In fact, Vyborg metalists and others looking out across the river at the Winter Palace in February 1917 regarded the monarchy's collapse as the culmination of many years' struggle, not just eight days' effort. From 1905 until the very eve of the revolution, Russia had been awash in strikes. Despite narrow limits for legal strike activity and a pervasive police presence in industrial plants, nearly 10 million factory workers went on strike between 1895, when statistics began to be compiled, and 1916, averaging one-quarter of the factory labor force each year. In the periods of peak strike activity before the war, 1905–1906 and 1912–1914, the average annual proportion of strikers approached three-quarters of the factory labor force. By contrast, only about one-third of the entire industrial work force, including workers in mines and metallurgical plants, went on strike in France in the entire period between 1890 and 1914, a time of militant revolutionary syndicalism. Although there were years when the number of industrial strikers in Great Britain and Germany exceeded 50 percent of the workforce before the war, no other European country matched Russia's overall level of strike activism.

Strikes were particularly intense on the eve of the war. In the first seven months of 1914 alone, more strikes occurred in Russia than in the entire period between 1908 and 1911, and more plants were shut down for political purposes than in 1912 and 1913 combined. If strikes had continued throughout 1914 at the same intensity and frequency, the year would have seen more workers take to the streets than during Russia's first great revolutionary upheaval in 1905, nine years before. As Leopold Haimson's study of the period shows in exhaustive and convincing detail, 1912 and 1913 were years of an enormous resurgence in Russian labor protests, symptomatic to many people of a new revolutionary storm.
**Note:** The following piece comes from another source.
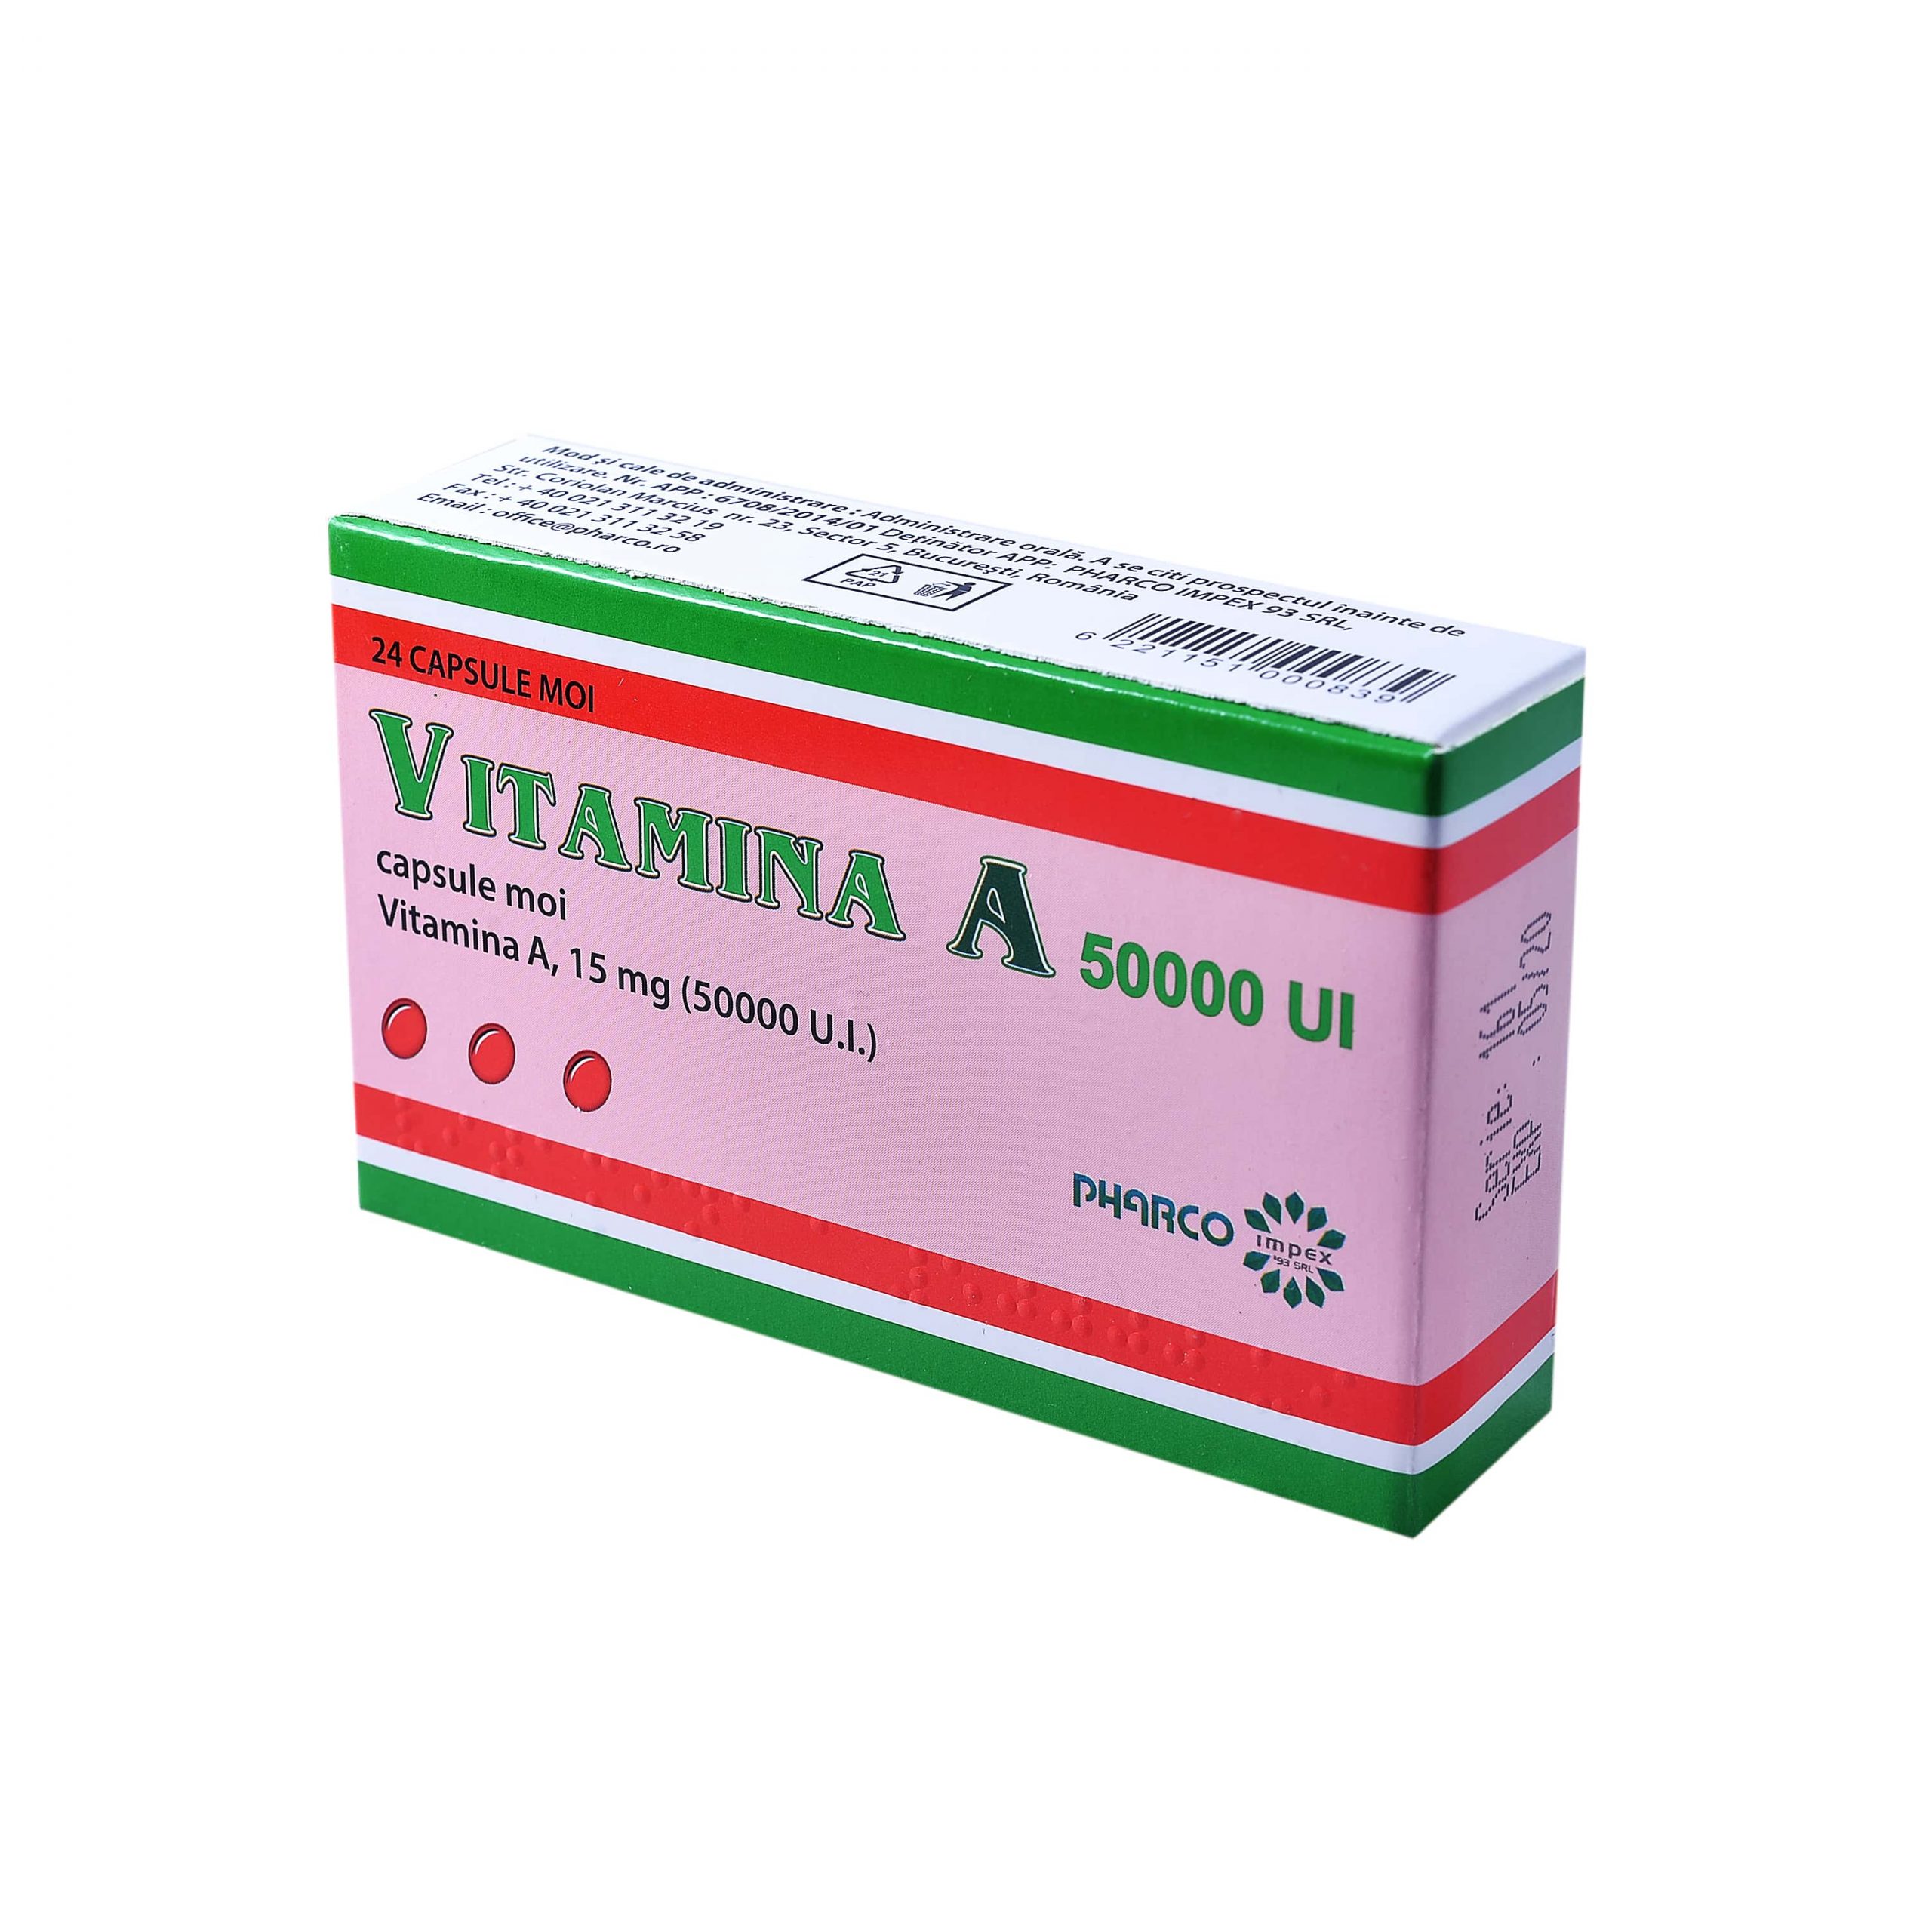 vitamine romania

The outbreak of war in July 1914 brought a brief period of quiescence to the labor front in Russia as it did throughout Europe. The lull, however, was short lived, much more so than in Western Europe. In France and Germany, it was not until 1917 that the number of industrial workers on strike surpassed 1912 levels; and in Britain, this did not occur until the war had ended. The number of economic strikes in Russia increased in 1915 to levels approximating those in 1912. There was a resurgence as well of political strikes and strikers. As we will see, by 1916 the intensity of industrial strikes again approached the levels of the prewar period, and on the eve of revolution, in January and February 1917, more workers participated in strikes for political rather than enterprise-related goals than in 1913. For Vyborg workers as well as others, February was a final episode in the last of three great strike waves stretching from the first revolution in 1905 to the monarchy's collapse. And some in New Lessner, the Parviainen works, Siemens-Schuckert, and other enterprises in Petrograd had undoubtedly experienced all three.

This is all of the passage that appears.